What you are asked to do: Write the data out again, character for character, with no images.

Exercise data:

--- START ---

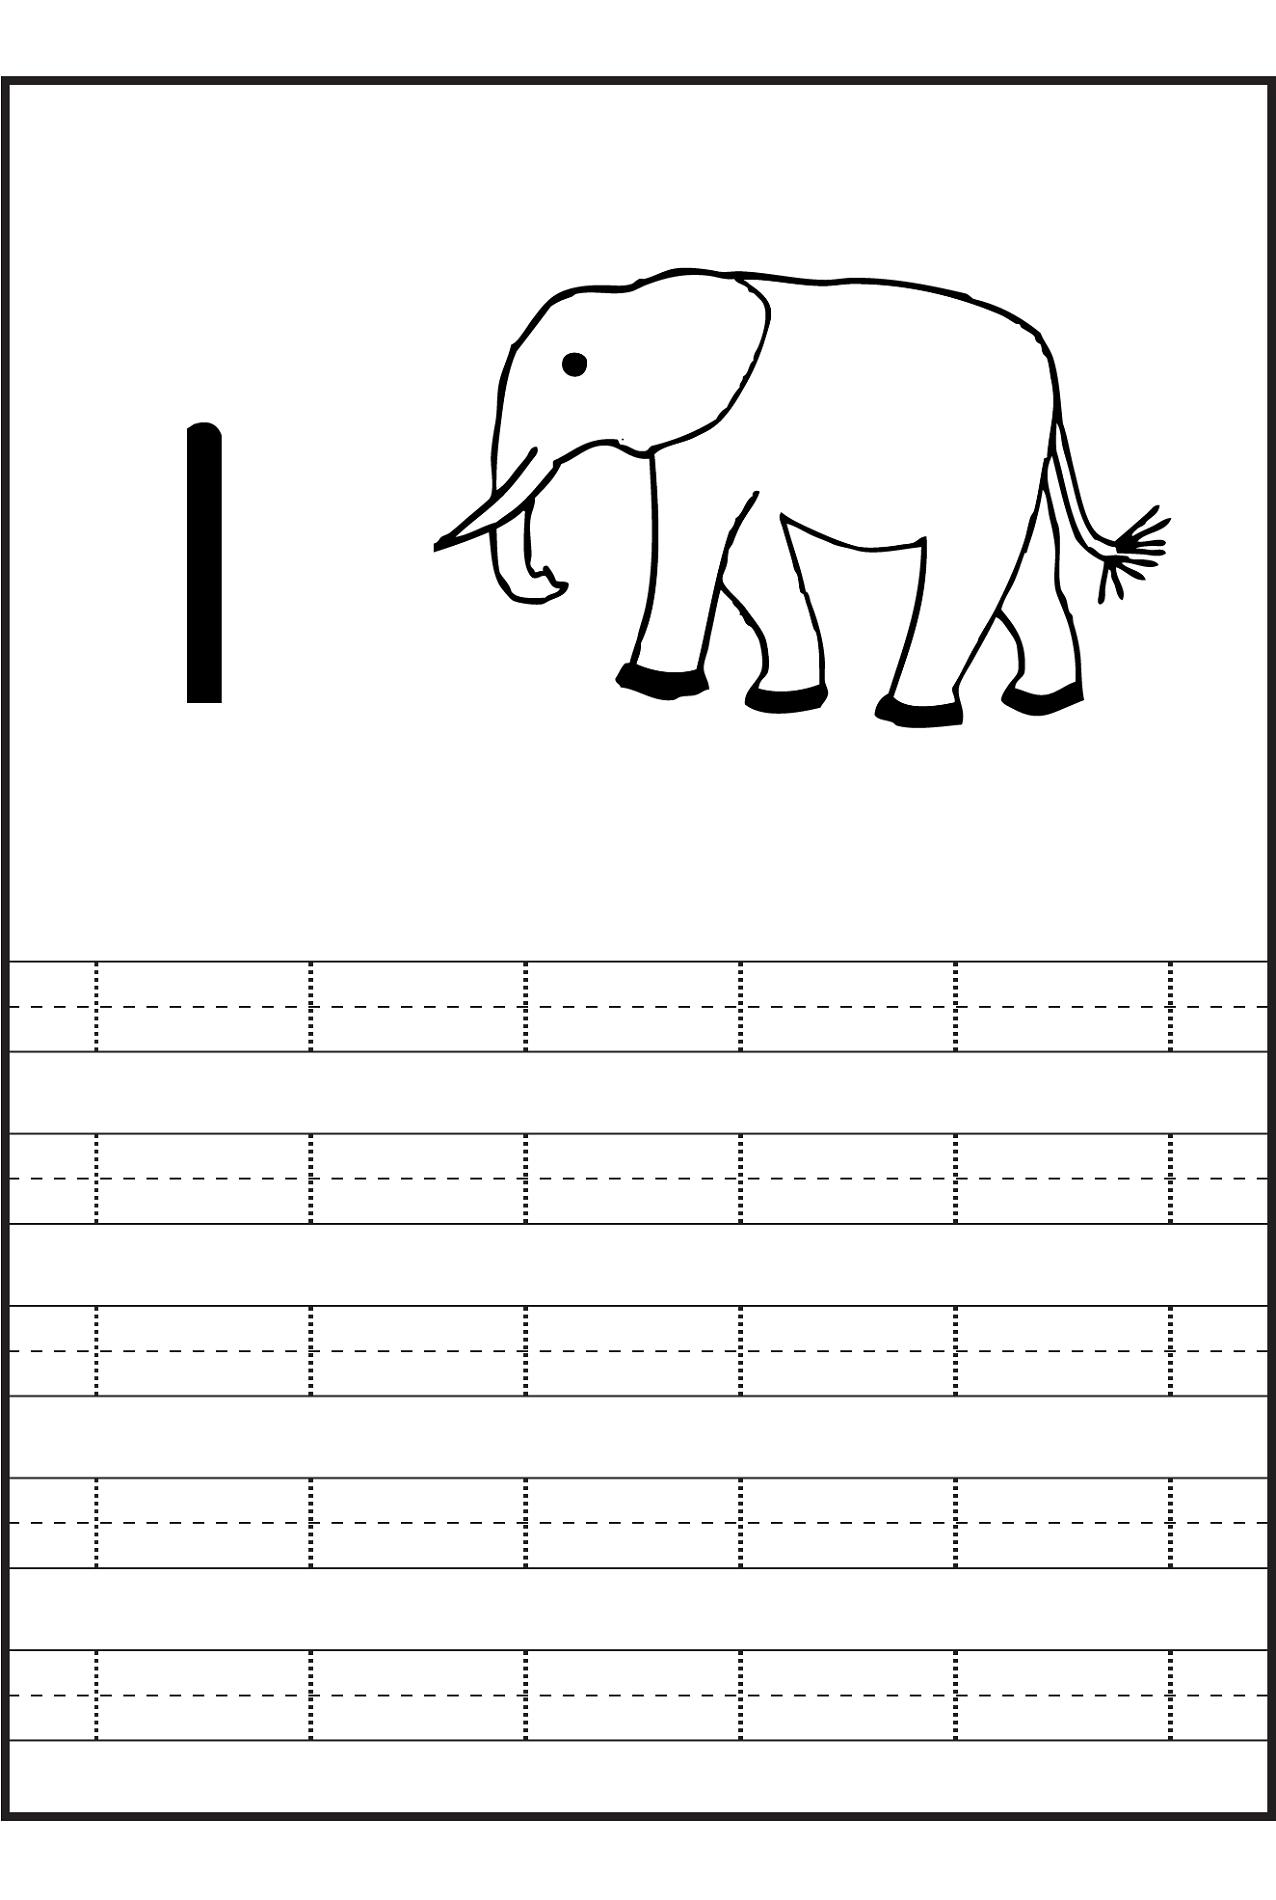 Worksheet Number Trace Worksheet Brunokone Worksheet
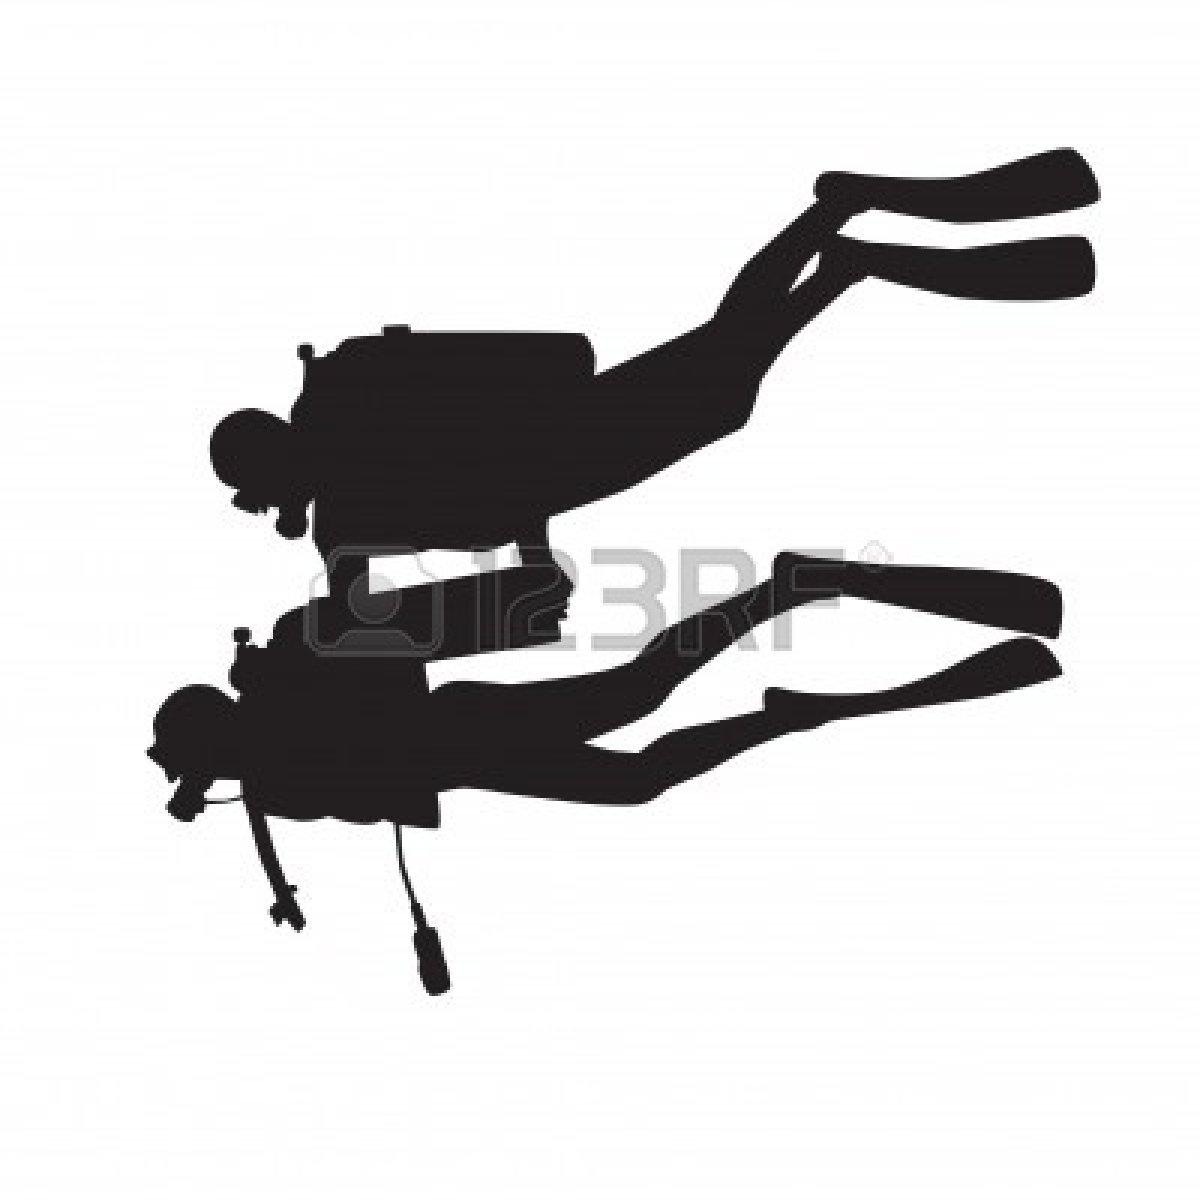 Scuba Diver Mask Scuba Diver
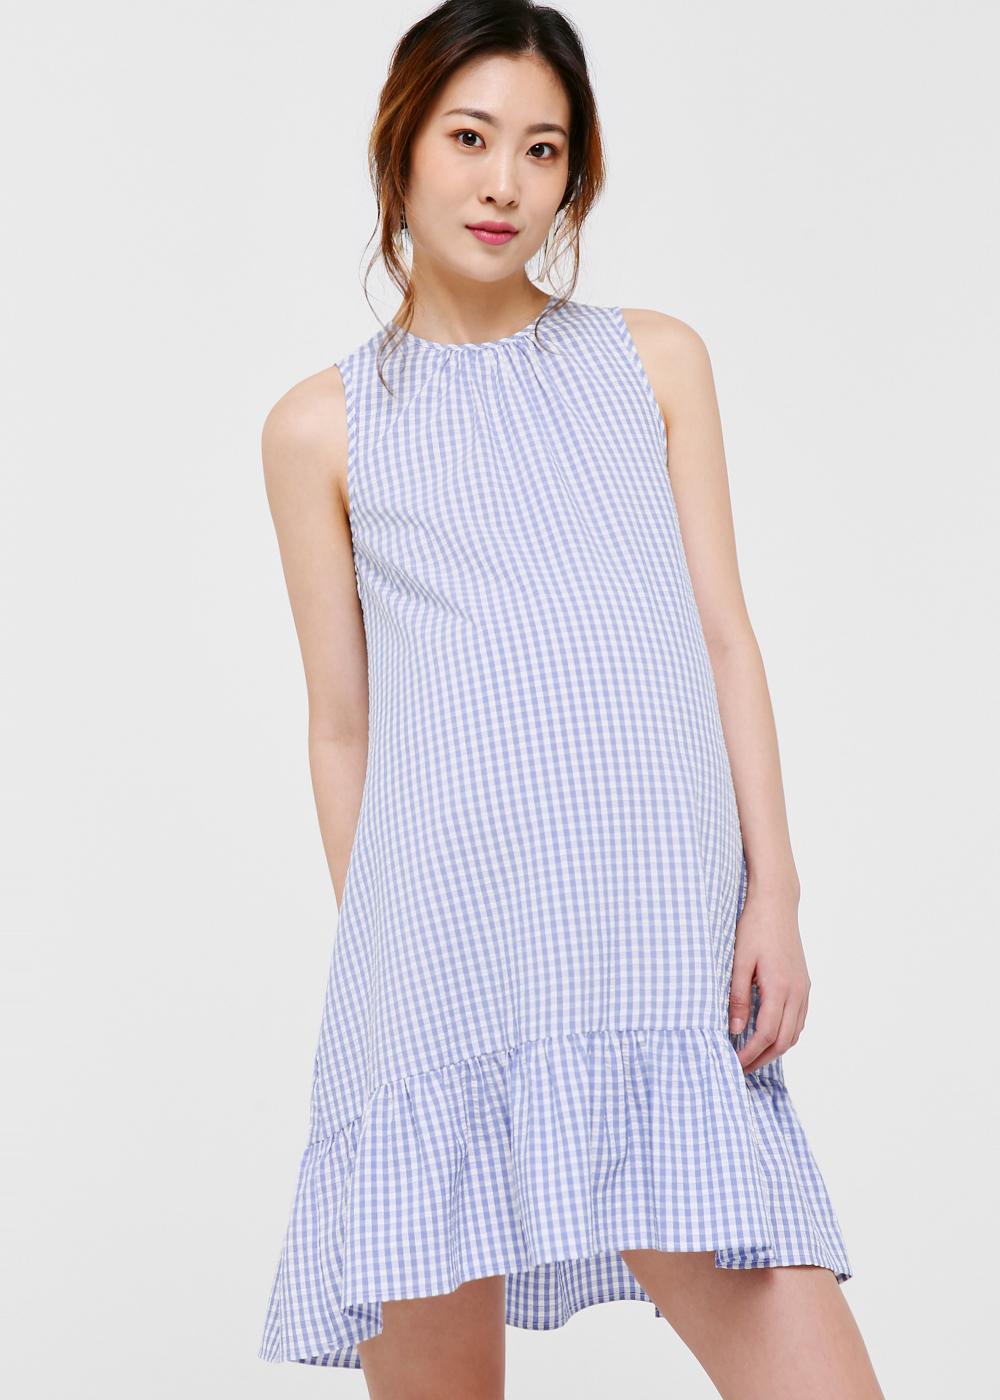 Brenna Ruffle Hem Gingham Dress

--- END ---

Answer to the problem:
 Worksheet Number Trace Worksheet Brunokone Worksheet
 Scuba Diver Mask Scuba Diver
 Brenna Ruffle Hem Gingham Dress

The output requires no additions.